● **REQUIRED ACTION**
Copy exactly the lines of the records below, and only those lines, beginning with the line that contains "Champagne glasses on" and ending with the line that contains "Yumbox Presto |".

● **DATA TO EXAMINE**
---+---

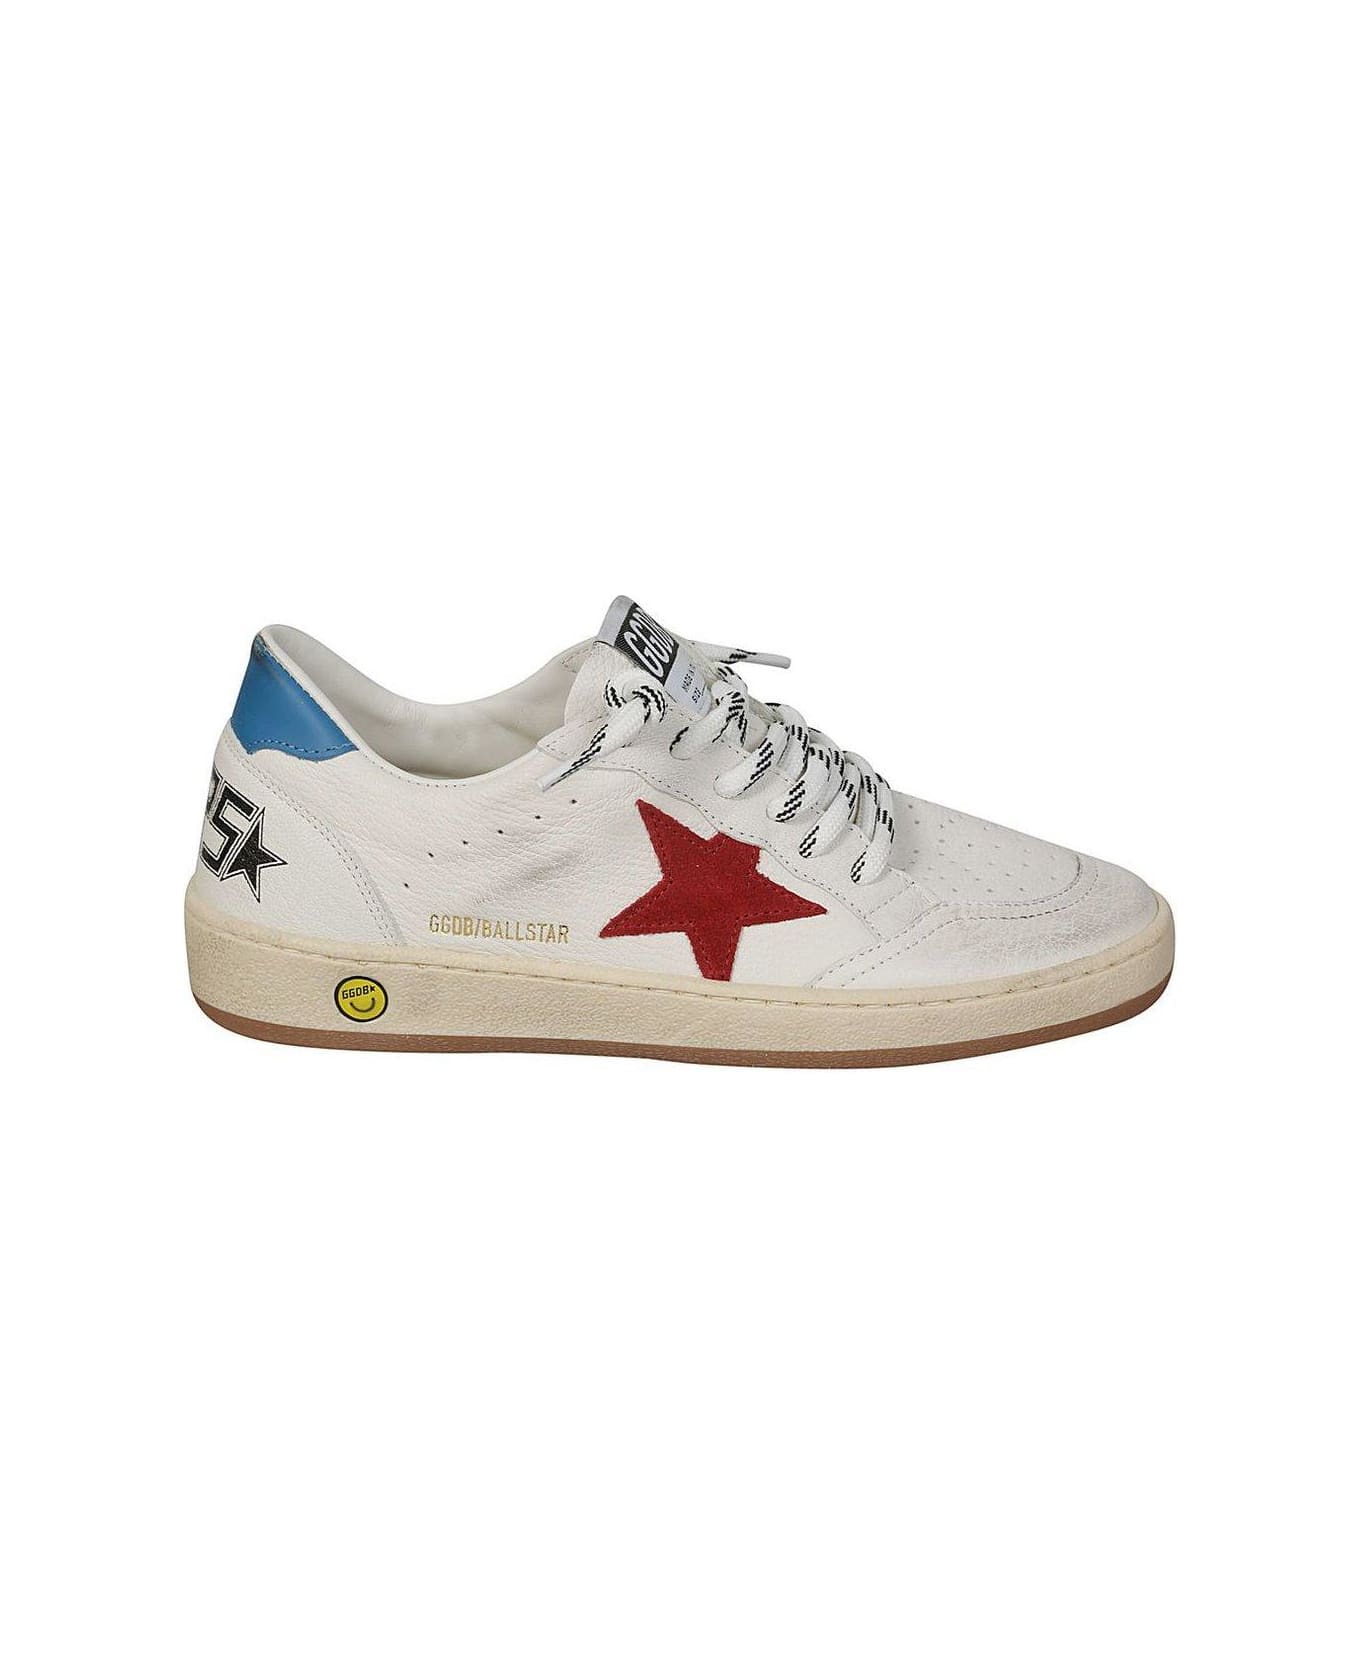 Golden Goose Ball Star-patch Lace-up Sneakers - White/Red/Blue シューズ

---+---

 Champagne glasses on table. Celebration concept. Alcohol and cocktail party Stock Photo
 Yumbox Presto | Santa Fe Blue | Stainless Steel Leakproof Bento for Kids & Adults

---+---

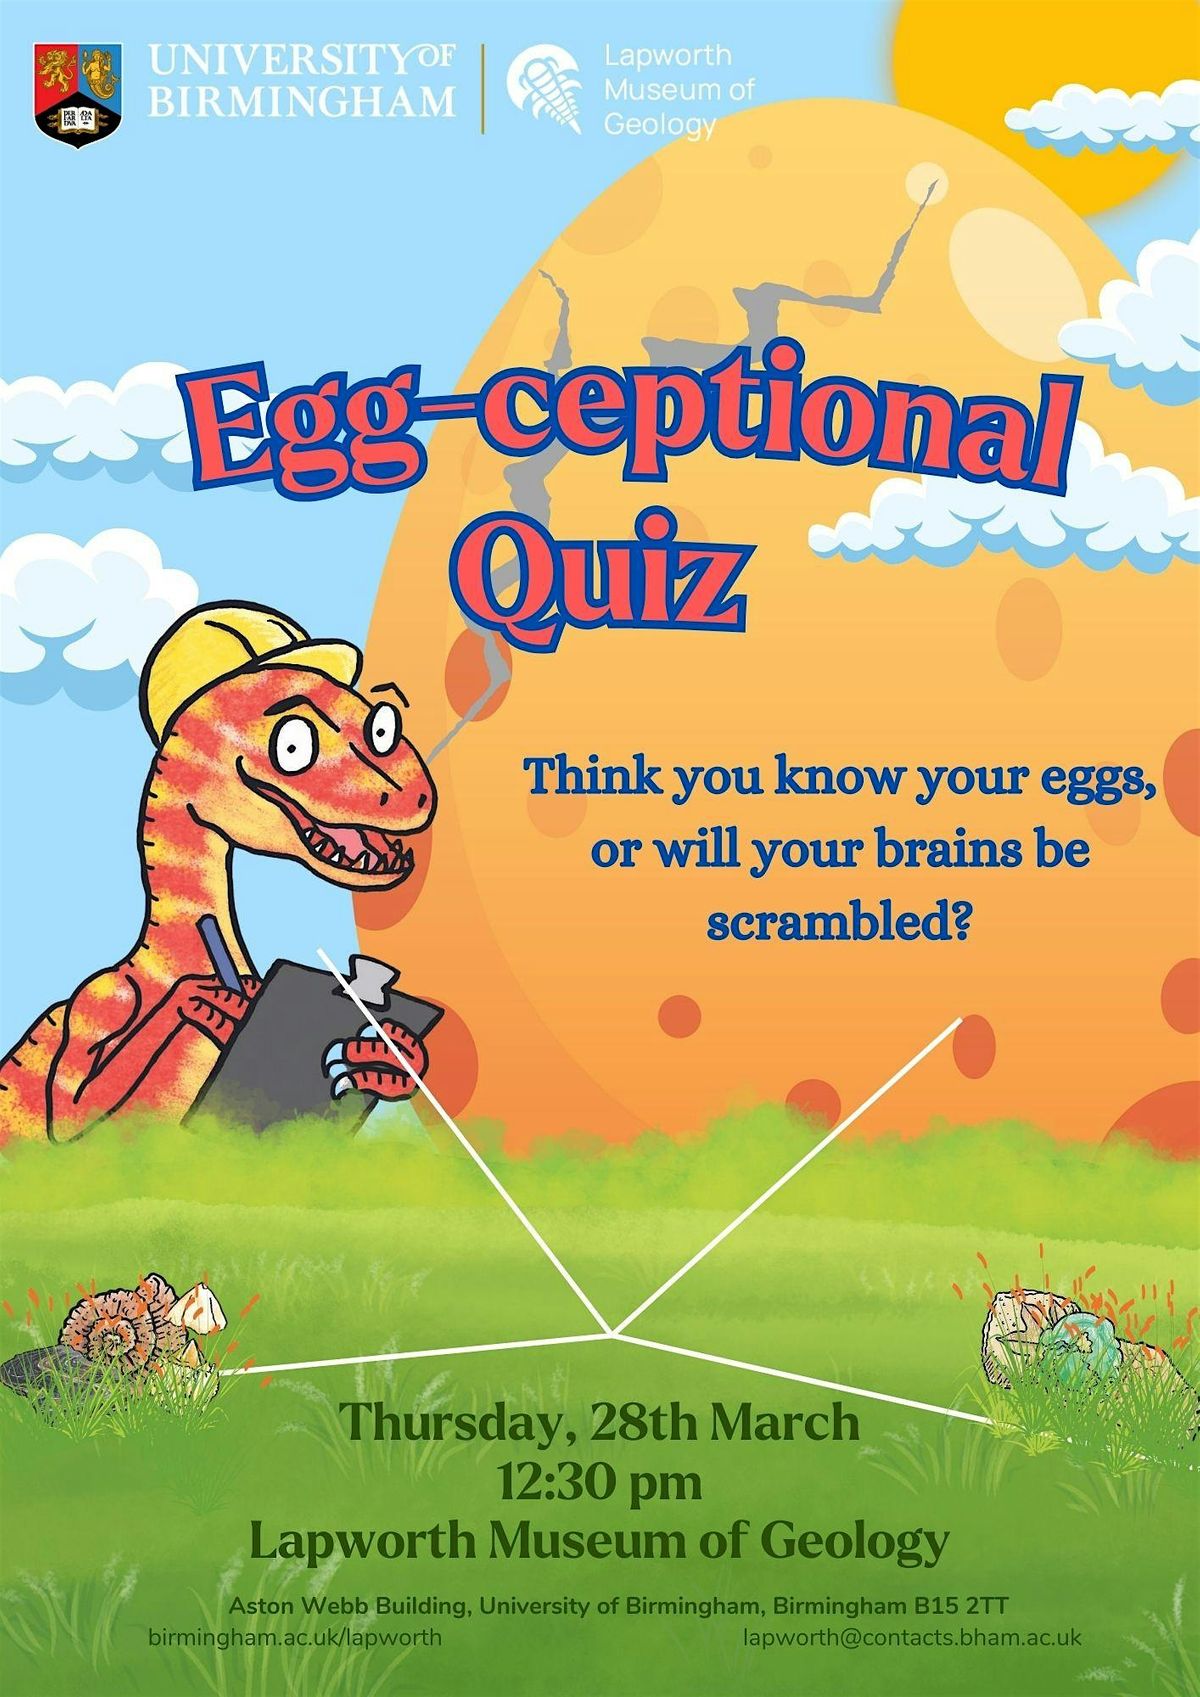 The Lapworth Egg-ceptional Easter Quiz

---+---

● **RESPONSE BELOW**
 Champagne glasses on table. Celebration concept. Alcohol and cocktail party Stock Photo
 Yumbox Presto | Santa Fe Blue | Stainless Steel Leakproof Bento for Kids & Adults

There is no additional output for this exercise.